How the RTX 3090 Actually Works: GPU Architecture notes...
I spent some time watching Branch Education's video on how GPUs work, specifically the RTX 3090, and took detailed notes. Figured I'd clean them up and share what I learned about the GA102 architecture.
The Hardware Breakdown
We're looking at GA102, which is the 3090's GPU processor architecture.
The Hierarchy
The architecture is organized in layers:
- 7 GPCs (Graphics Processing Clusters) at the top level

GPU architecture showing the 7 GPCs (Graphics Processing Clusters)
- Within each GPC, there are 12 SMs (Streaming Multiprocessors)

Internal structure of a Streaming Multiprocessor (SM)
- Inside each SM, there are 4 warp schedulers and 1 Ray Tracing core
- Inside each warp, there are 32 CUDA cores (shading cores) and 1 Tensor core
Total Core Count
Across the entire GPU:
- 10,752 CUDA cores
- 336 Tensor cores
- 84 Ray Tracing cores
Around the Edge
The chip's periphery includes:
- 12 graphics memory controllers
- NVLink controllers
- PCIe interface
- 6MB Level 2 SRAM cache at the bottom
- Gigathread Engine that manages all 7 GPCs and the streaming multiprocessors inside
Inside Each SM
Each streaming multiprocessor contains:
- 128KB of L1 cache/shared memory (configurable split)
What Each Core Does
CUDA Cores
Can be thought of as simple binary calculators - they handle addition, multiplication, and a few other basic operations.
Tensor Cores
Matrix multiplication and addition calculators. They're used the most when working with geometrical transformations and neural networks.
Ray Tracing Cores
The fewest and the largest cores. They're specially designed for ray tracing algorithms.
Key Terminologies
FMA (Fused Multiply-Add)
The operation A × B + C. This is a fundamental calculation that gets used constantly in GPU operations.

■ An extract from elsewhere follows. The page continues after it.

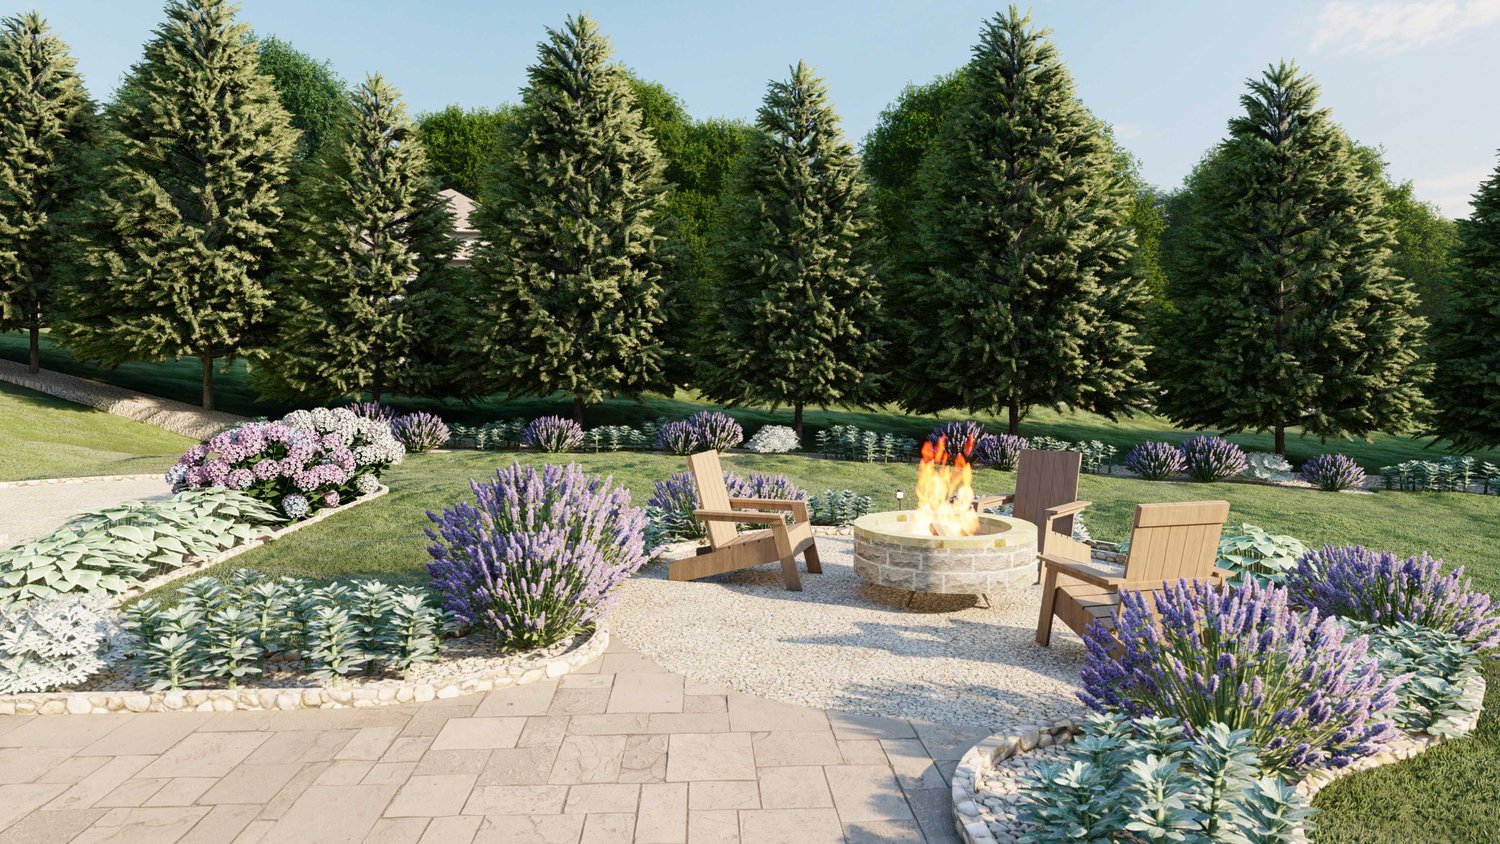 Cambridge yard with sitting area, fire pit and trees and flowers
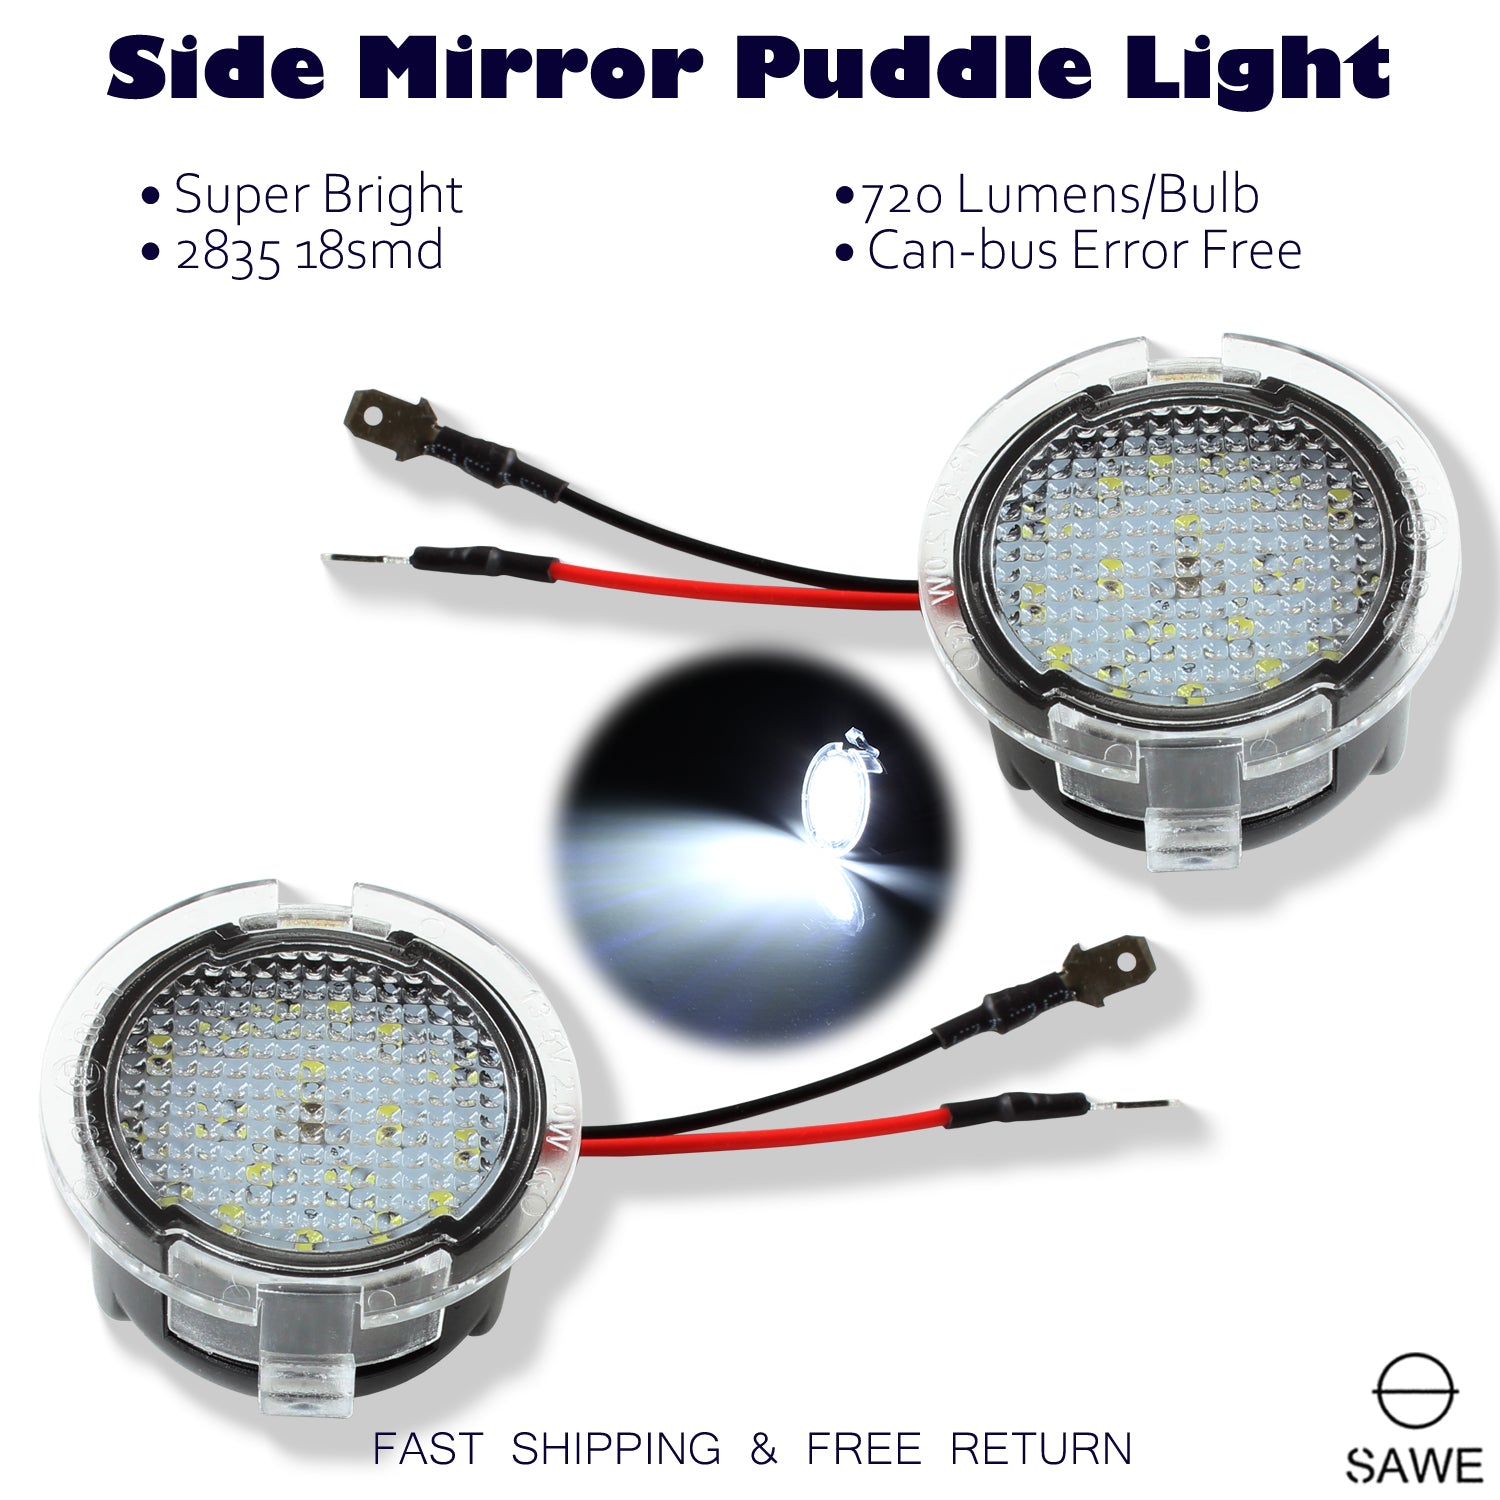 LED Side Mirror Puddle Light Kit For Ford F-150 Explorer Expedition Edge Fusion Lincoln MKS MKT

SIMD (Single Instruction, Multiple Data)
GPUs solve embarrassingly parallel problems using SIMD - applying one instruction to multiple data points simultaneously.
SIMT (Single Instruction, Multiple Threads)
Basically SIMD but adds a program counter, which avoids conflicts from dependency and branching of operations.
Computational Architecture → Physical Hardware
Now that we understand how SIMD/SIMT works, here's how the computational architecture maps to the physical hardware:
- Each instruction is completed by a thread
- A thread is paired with a CUDA core
- Threads are bundled into groups of 32 called warps
- The same sequence of instructions are issued to all threads in a warp
- Warps are grouped into thread blocks, which are handled by a Streaming Multiprocessor (SM)
- Thread blocks are grouped into grids, which are computed across the entire GPU
All these operations are managed and scheduled by the Gigathread Engine, which maps the available thread blocks to the streaming multiprocessors.